The role_attribute_path uses JMESPath to evaluate roles from the token:

contains(roles[*], 'grafanaadmin') && 'GrafanaAdmin'
|| contains(roles[*], 'admin') && 'Admin'
|| contains(roles[*], 'editor') && 'Editor'
|| 'Viewer'

It checks in order — first match wins. A user with both grafanaadmin and editor gets GrafanaAdmin. You can test JMESPath expressions at play.jmespath.org using a sample JWT payload.

Troubleshooting

"Invalid parameter: redirect_uri" — The most common error. Make sure Keycloak's "Valid redirect URIs" exactly matches https://your-grafana-url/login/generic_oauth. No trailing slash. And make sure GF_SERVER_ROOT_URL is set to your external URL, not localhost:3000.

All users get Viewer role — You forgot the role mapper in Step 2. Go back to Keycloak, add the User Client Role mapper, and make sure "Add to ID token" is ON.

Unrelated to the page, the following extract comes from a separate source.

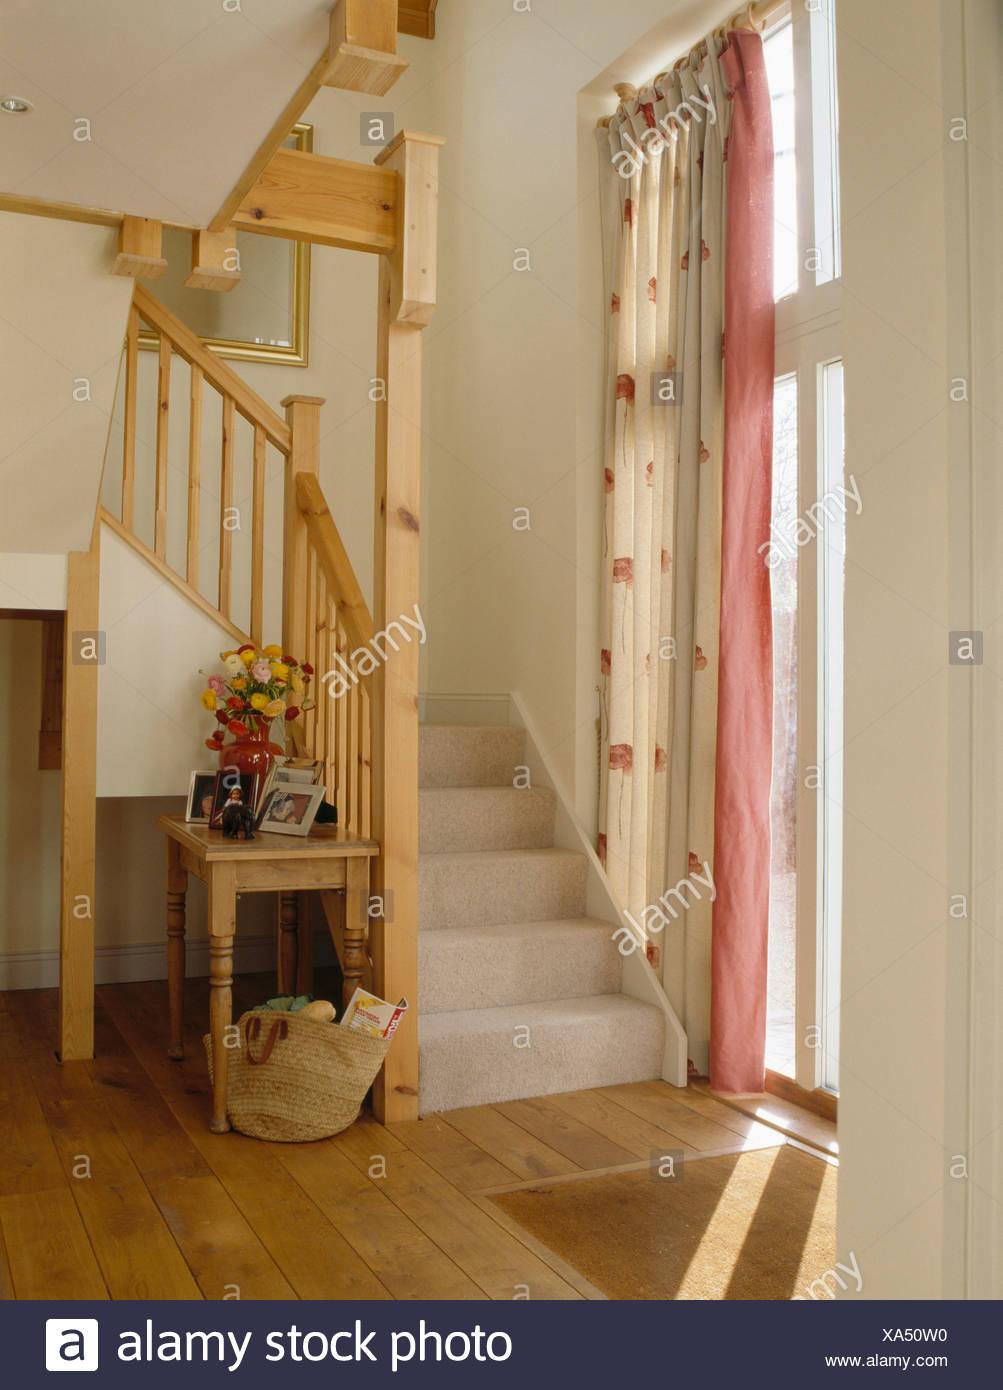 cremefarbene teppich auf offene holztreppe im wei en saal mit creme rosa gemusterte vorh nge. Black Bedroom Furniture Sets. Home Design Ideas

Login fails with "missing required scope" — The user needs the offline_access realm role in Keycloak when offline_access is in the scopes list. Assign it under Users → Role mappings → Realm roles.

Old Keycloak URL format — If you're following old tutorials, note that Keycloak 17+ dropped /auth from URLs. Use https://keycloak.example.com/realms/myorg/... not https://keycloak.example.com/auth/realms/myorg/....

Logout doesn't redirect properly — Add the signout redirect URL as an environment variable: GF_AUTH_GENERIC_OAUTH_SIGNOUT_REDIRECT_URL pointing to Keycloak's logout endpoint with post_logout_redirect_uri back to Grafana's login page.

Thanks for reading. See you in the next one.